Work request> Without pictures, output exactly the lines running from the line containing "dx engineering crimp" to the end of the listing below.

Information provided>
——————
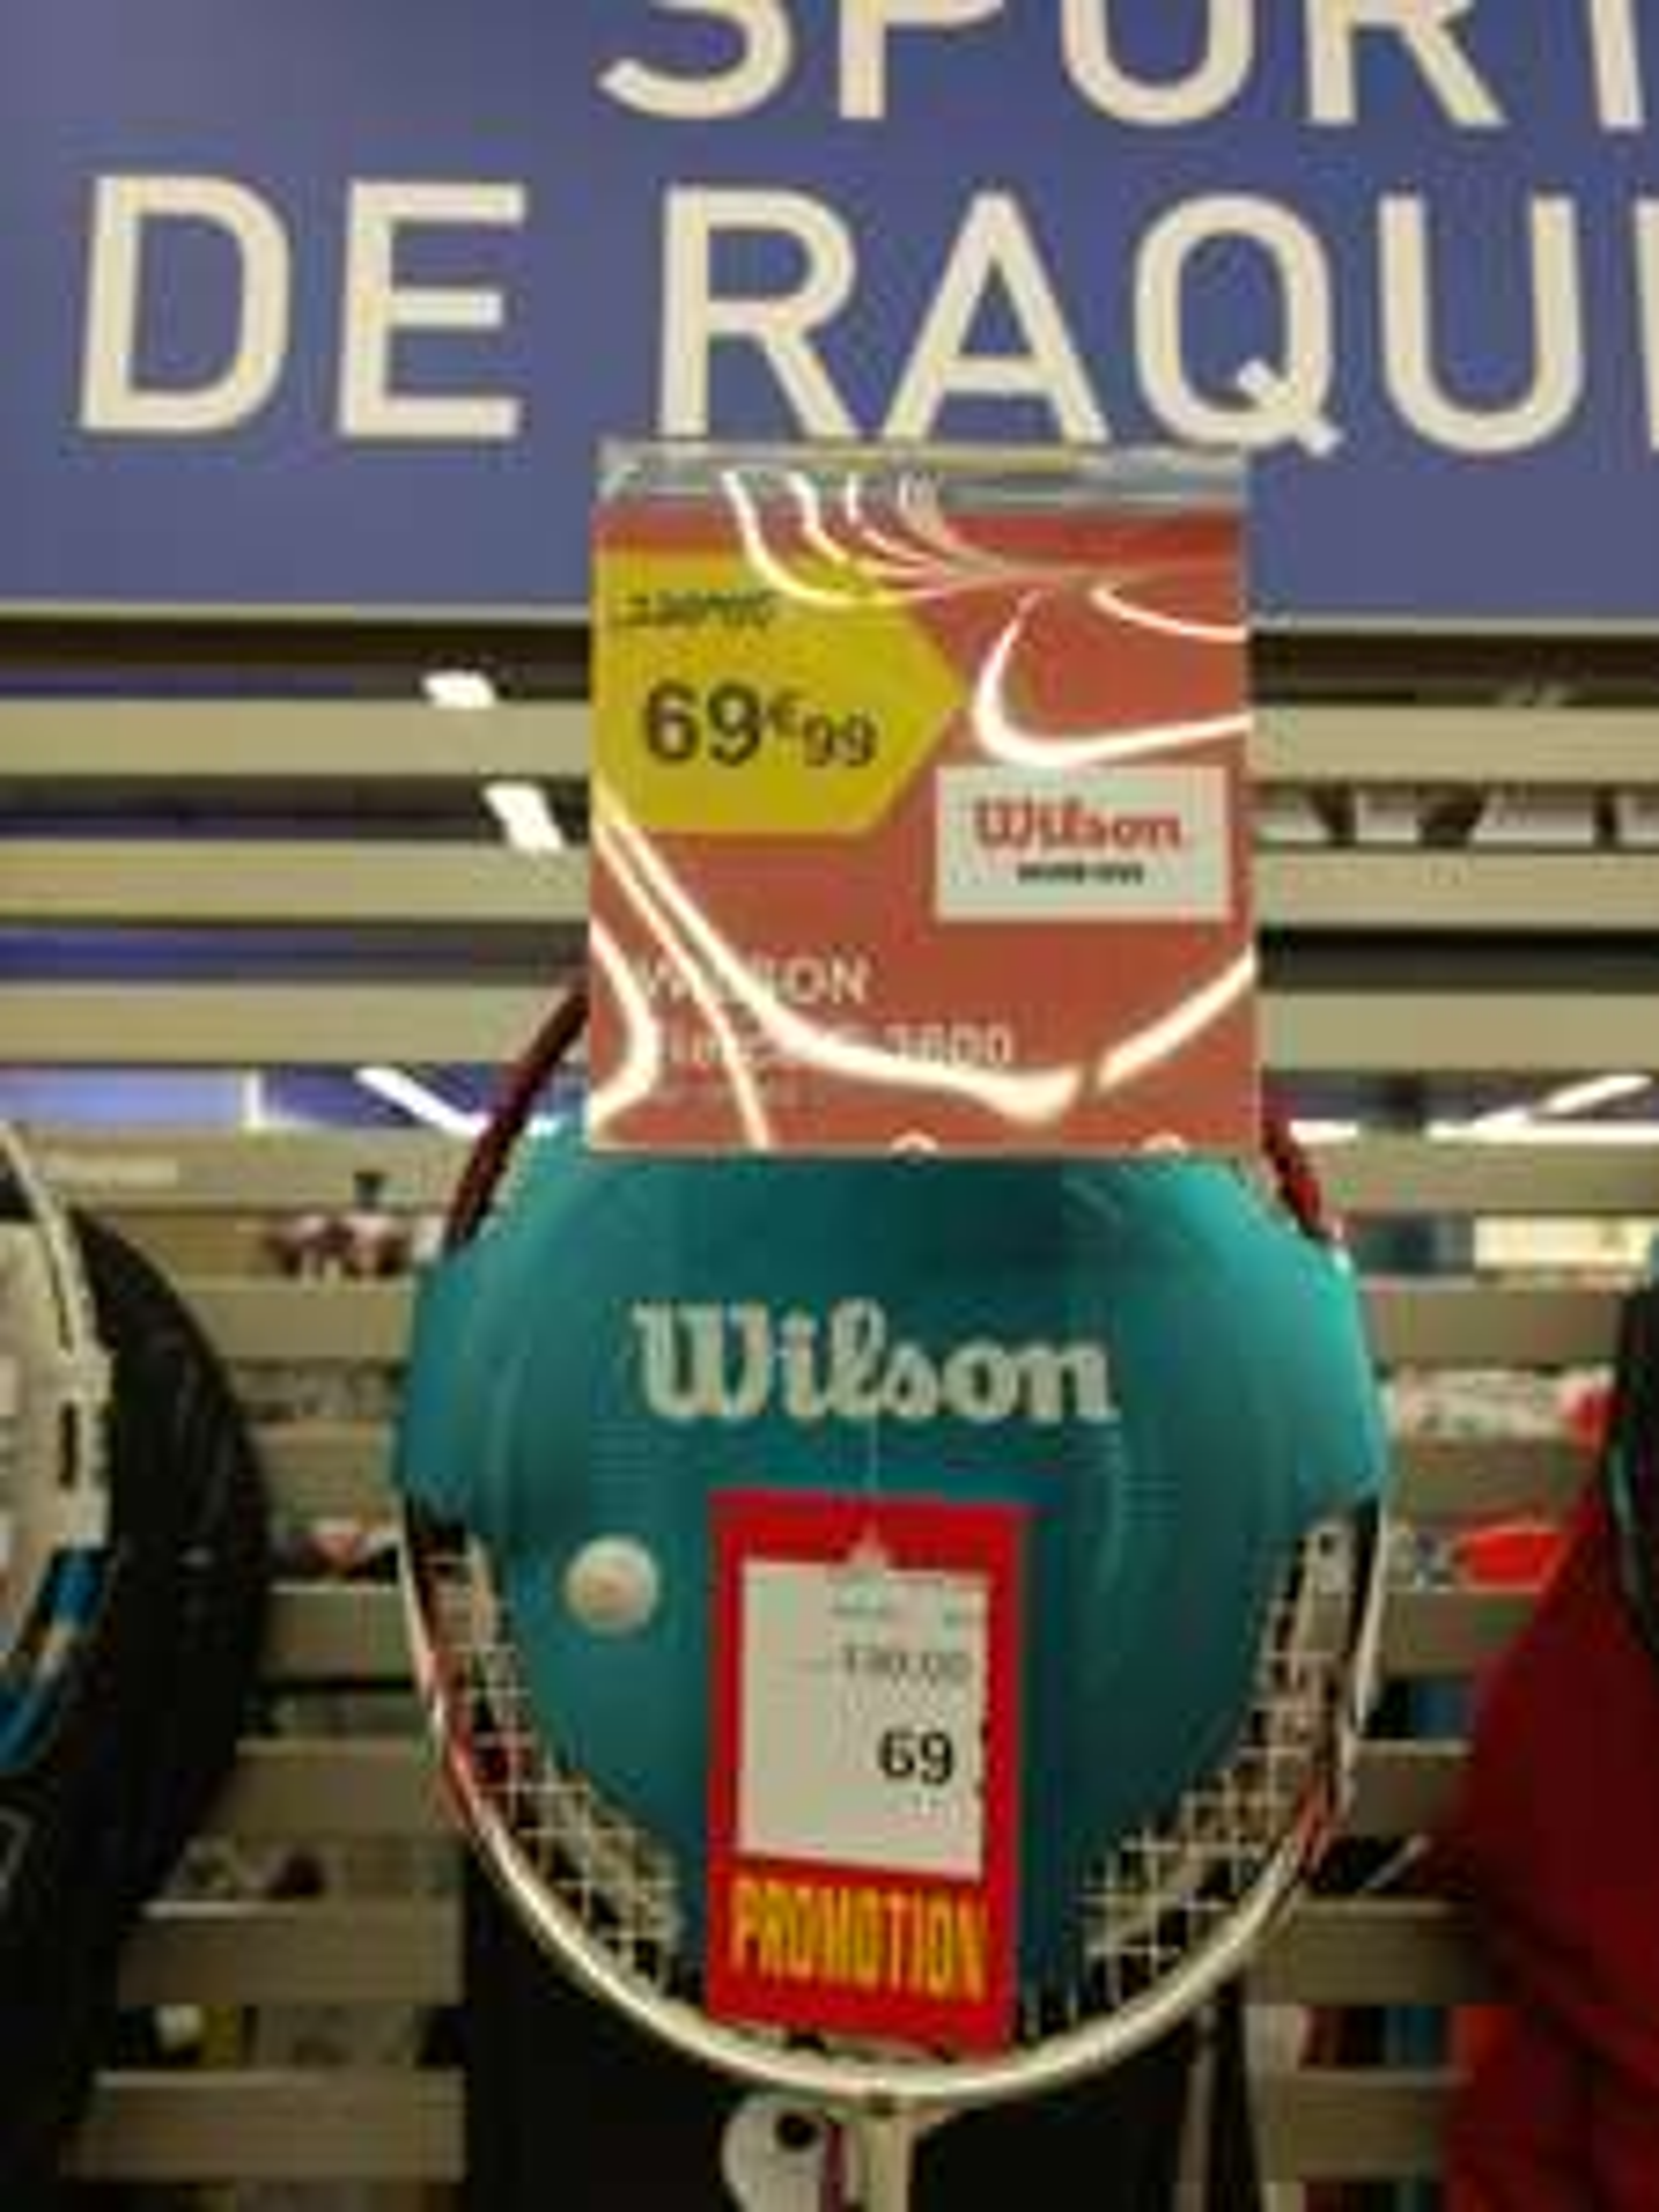 Raquette de badminton Wilson Fierce C3600 - Glisy (80)
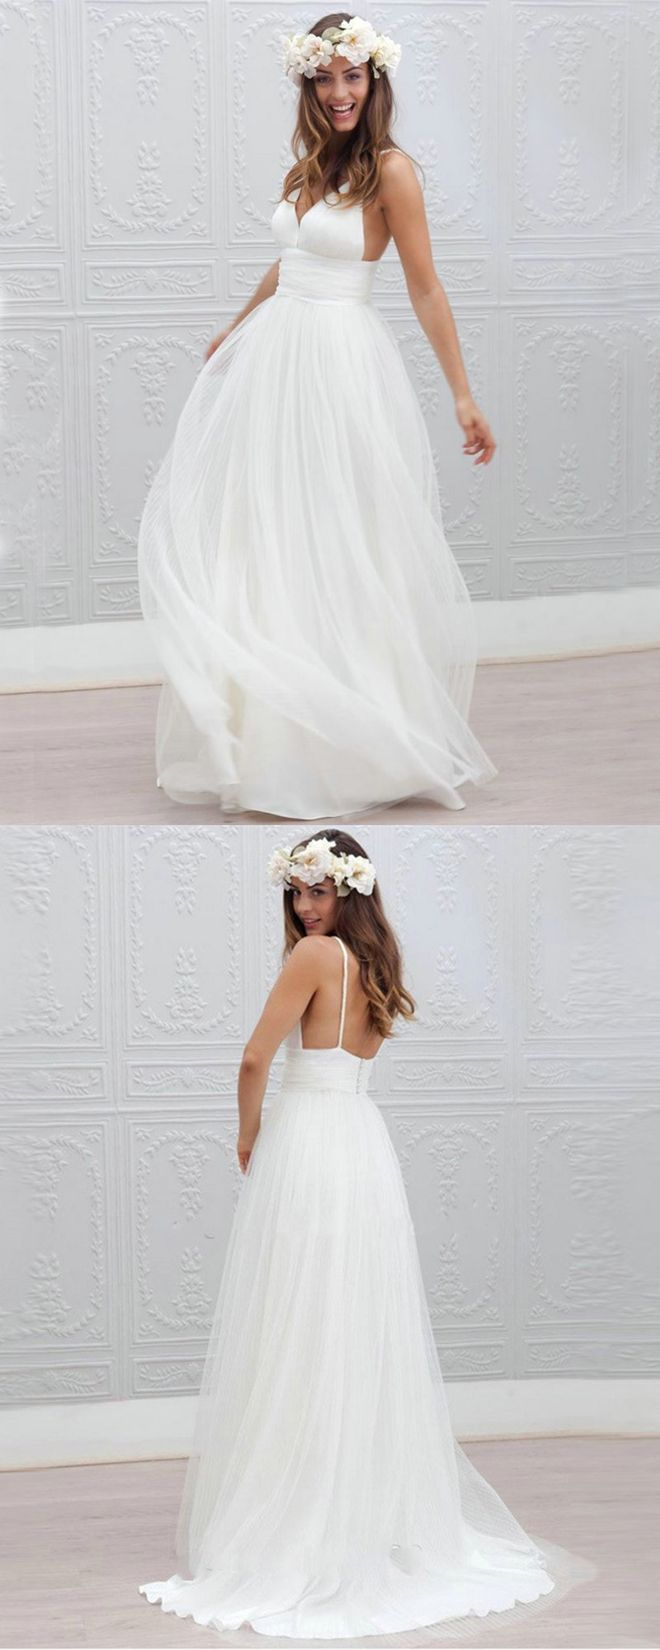 Top 25+ best White wedding dresses ideas on Pinterest | Lace top ...
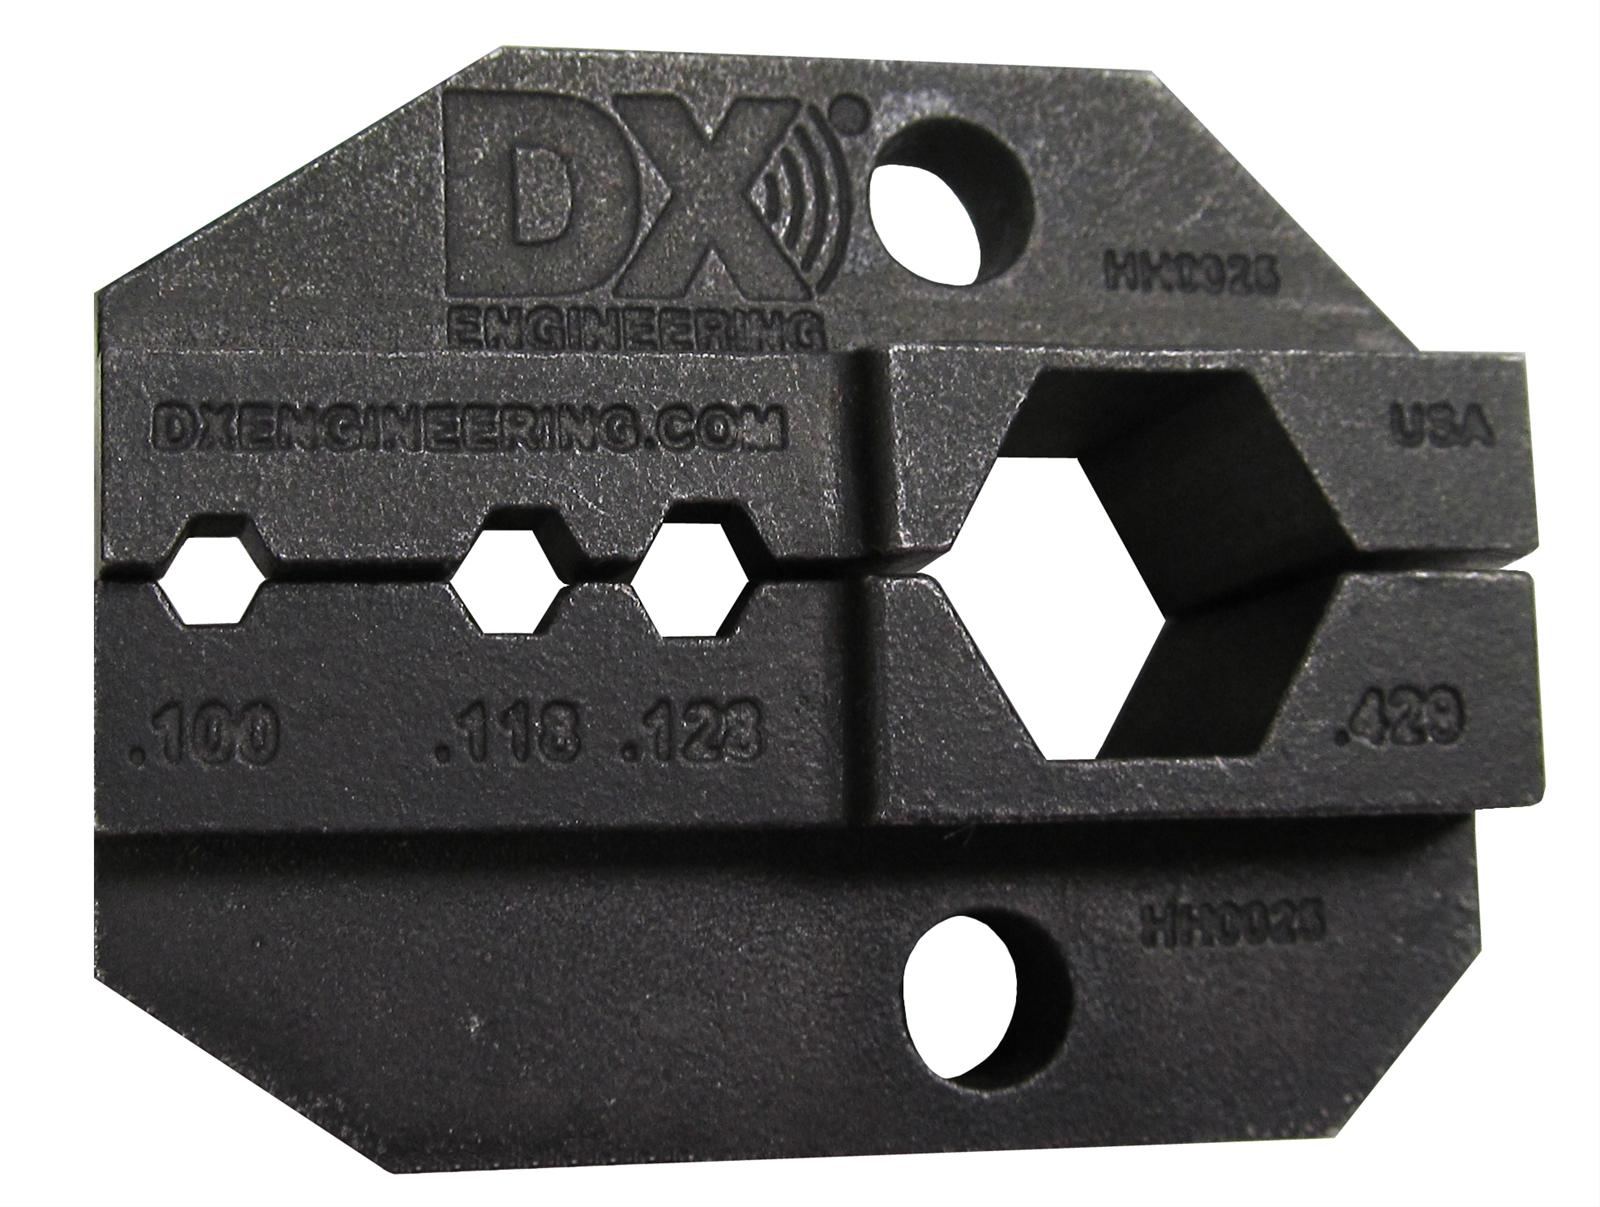 dx engineering crimp tool dies dxe ut die 8u free shipping on orders over 99 at summit racing. Black Bedroom Furniture Sets. Home Design Ideas
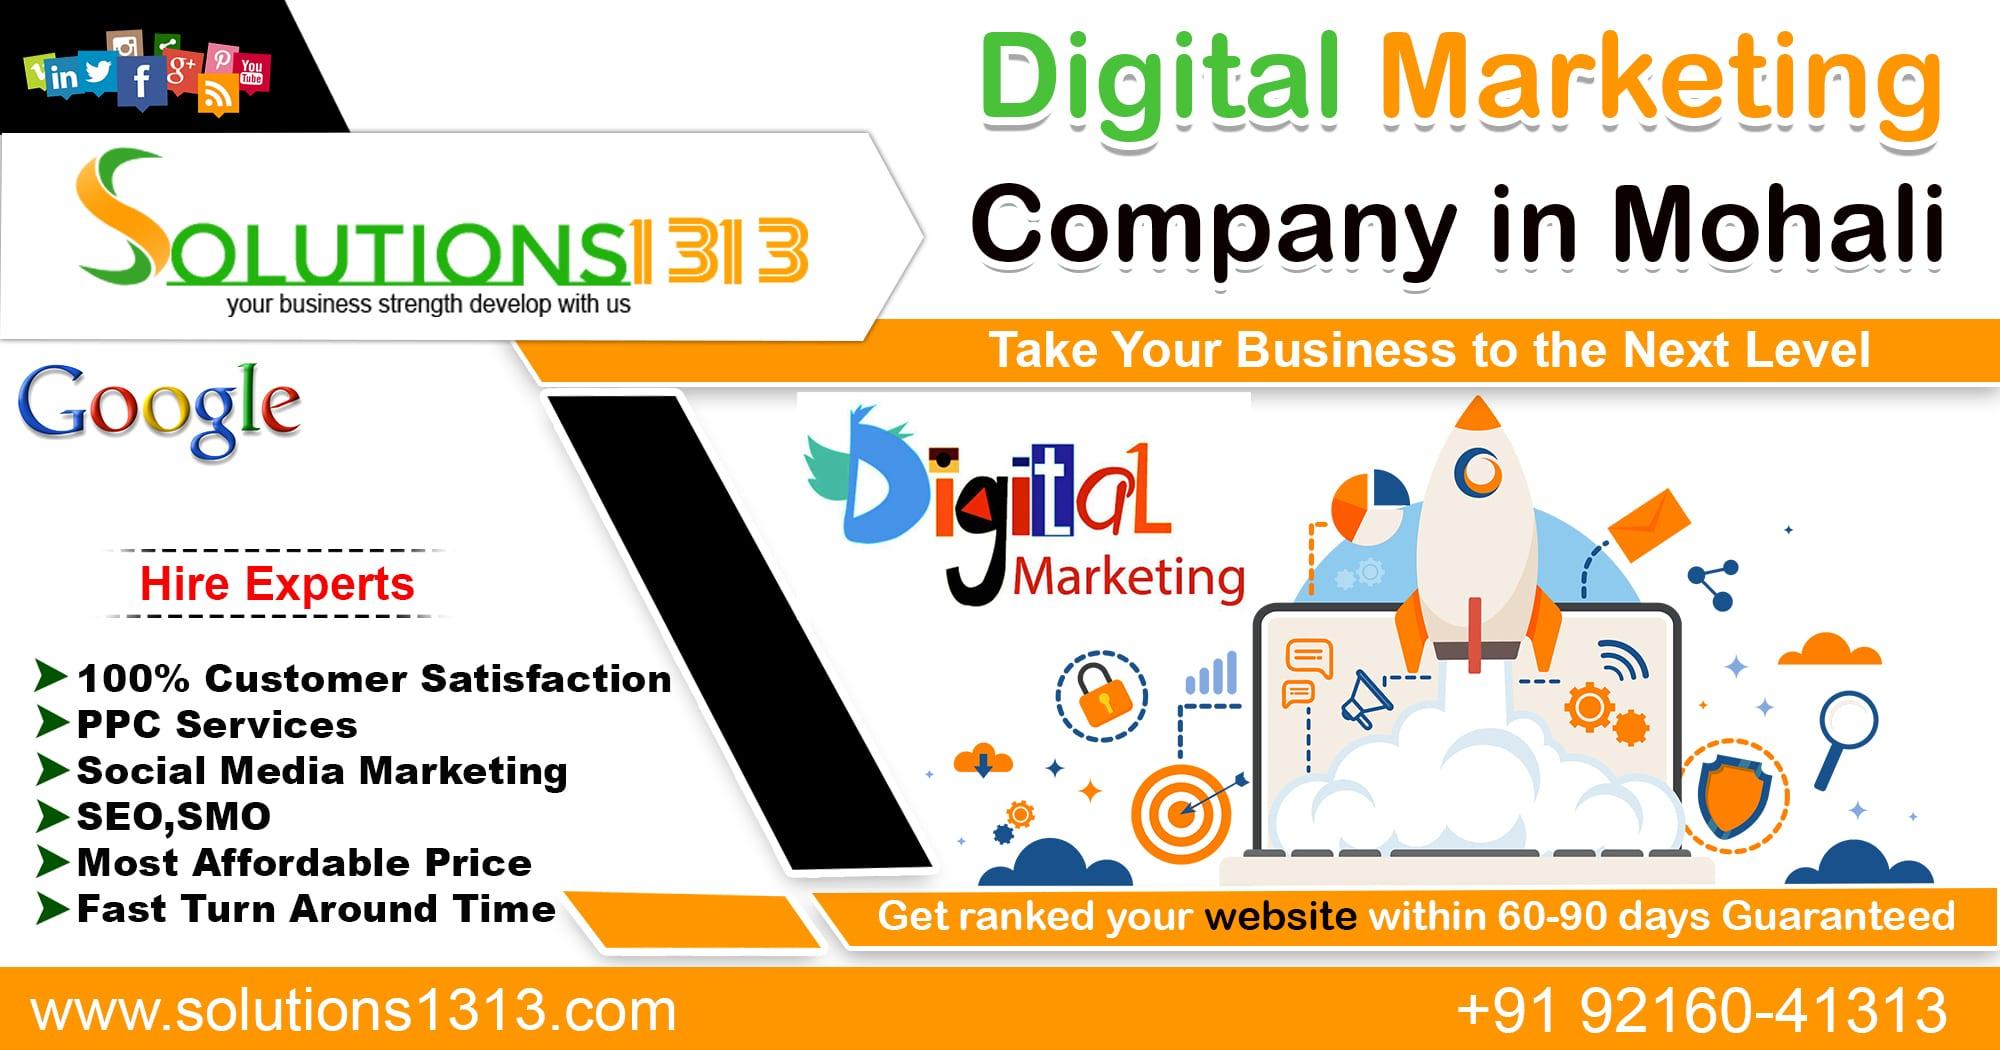 Digital Marketing Company in Mohali | Dial +91 9216041313
——————
Your response>
 dx engineering crimp tool dies dxe ut die 8u free shipping on orders over 99 at summit racing. Black Bedroom Furniture Sets. Home Design Ideas
 Digital Marketing Company in Mohali | Dial +91 9216041313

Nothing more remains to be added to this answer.